Member of Parliament for Bury South
- In office 9 June 1983 – 8 April 1997
- Preceded by: Constituency created
- Succeeded by: Ivan Lewis

Personal details
- Born: 2 June 1941 (age 84) Stoke-on-Trent, England
- Party: Conservative
- Alma mater: University of Manchester

= David Sumberg =

British politician (born 1941)

David Anthony Gerald Sumberg (born 2 June 1941) is a British politician, and former Member of the European Parliament for the North West England region for the Conservative Party. He was first elected to the European Parliament in 1999 and stood down in 2009. Before this he was the Member of Parliament for Bury South, north of Manchester, from 1983 to 1997 when he lost in the Labour landslide to Ivan Lewis.

==Political life==
Prior to his election to Westminster, he stood unsuccessfully for Manchester Wythenshawe in 1979, being beaten by Labour's Alf Morris. He had also been a Manchester City Councillor for Brooklands ward in Wythenshawe. As an MP he acted as the Parliamentary Private Secretary for the Attorney General, Sir Patrick Mayhew. He seconded the Loyal Humble Address of Ian Gow MP in November 1989; a privilege that was traditionally afforded only once to an MP. He held on to his seat in 1992 with a majority of 788 votes over Labour's Hazel Blears, making Bury South one of the most marginal in the country.

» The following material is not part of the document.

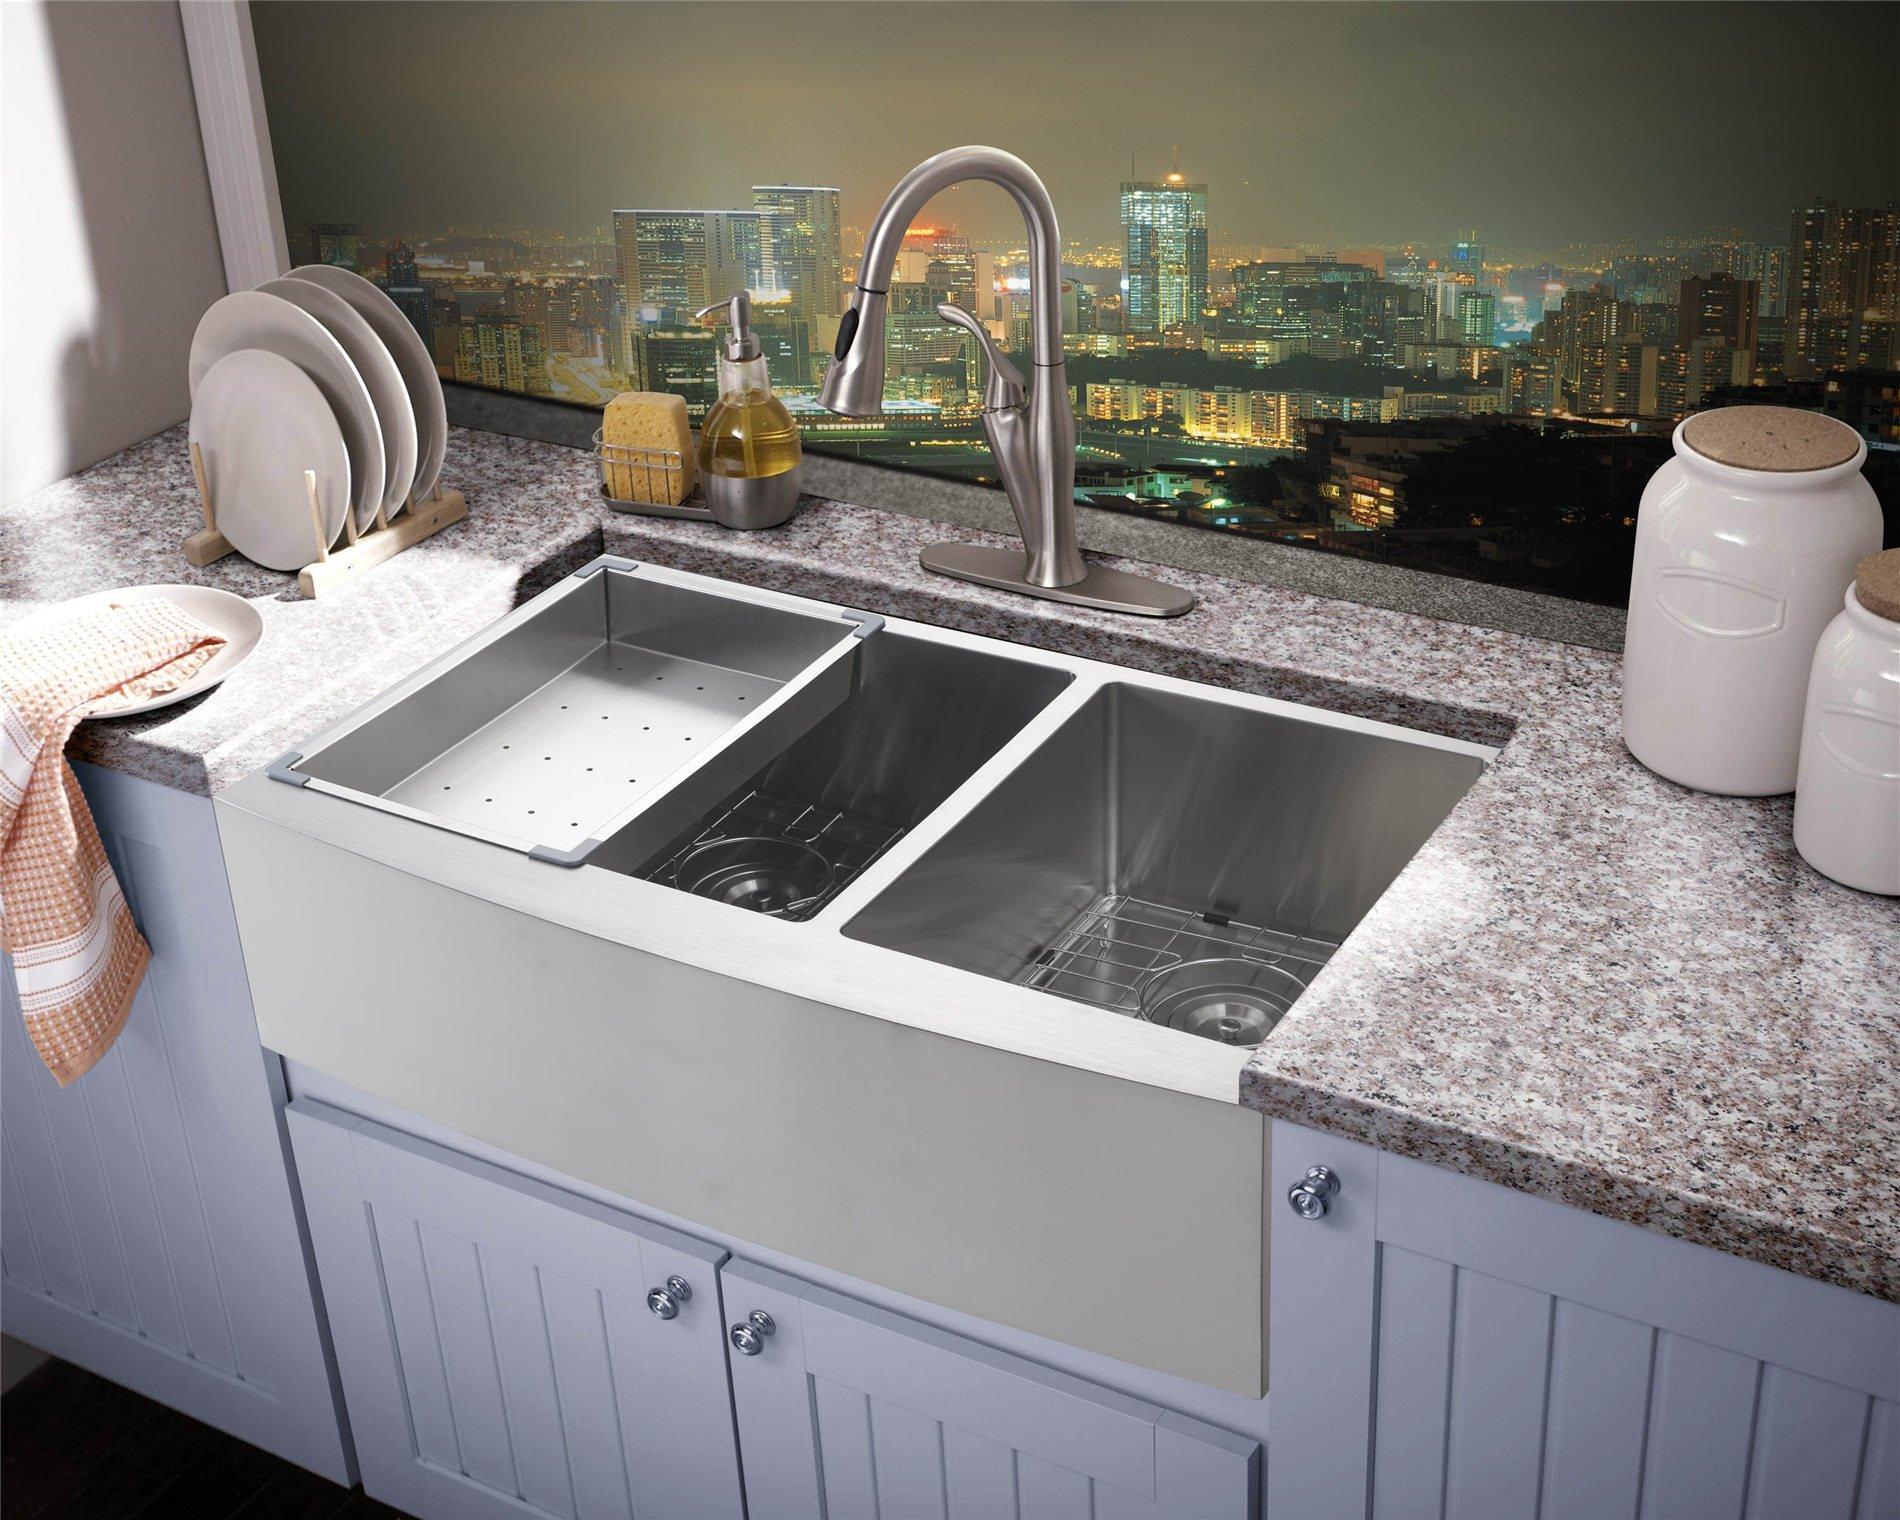 33x21 Inch Farmhouse Apron 60/40 Deep Double Bowl 16 Gauge Stainless Steel Luxury Kitchen Sink SuperSuper

He has been criticised by members of other political parties and the national media for his low attendance and political inactivity in the European Parliament. He tabled only five questions and has not written any of the reports or tabled any resolutions to the one committee he sat on. When he stepped down from the European Parliament, he explained that as an MEP, he was "not a signed up member" of the "European Project" and did not support a more centralised European Union, "unlike most of my MEP colleagues".

He paid his wife £54,000 per year from the staff allowance and claimed £40,000 per year in office expenses; he used the North West England Conservative Campaigns Centre as a forwarding address to his house in north London, where he claimed the expenses.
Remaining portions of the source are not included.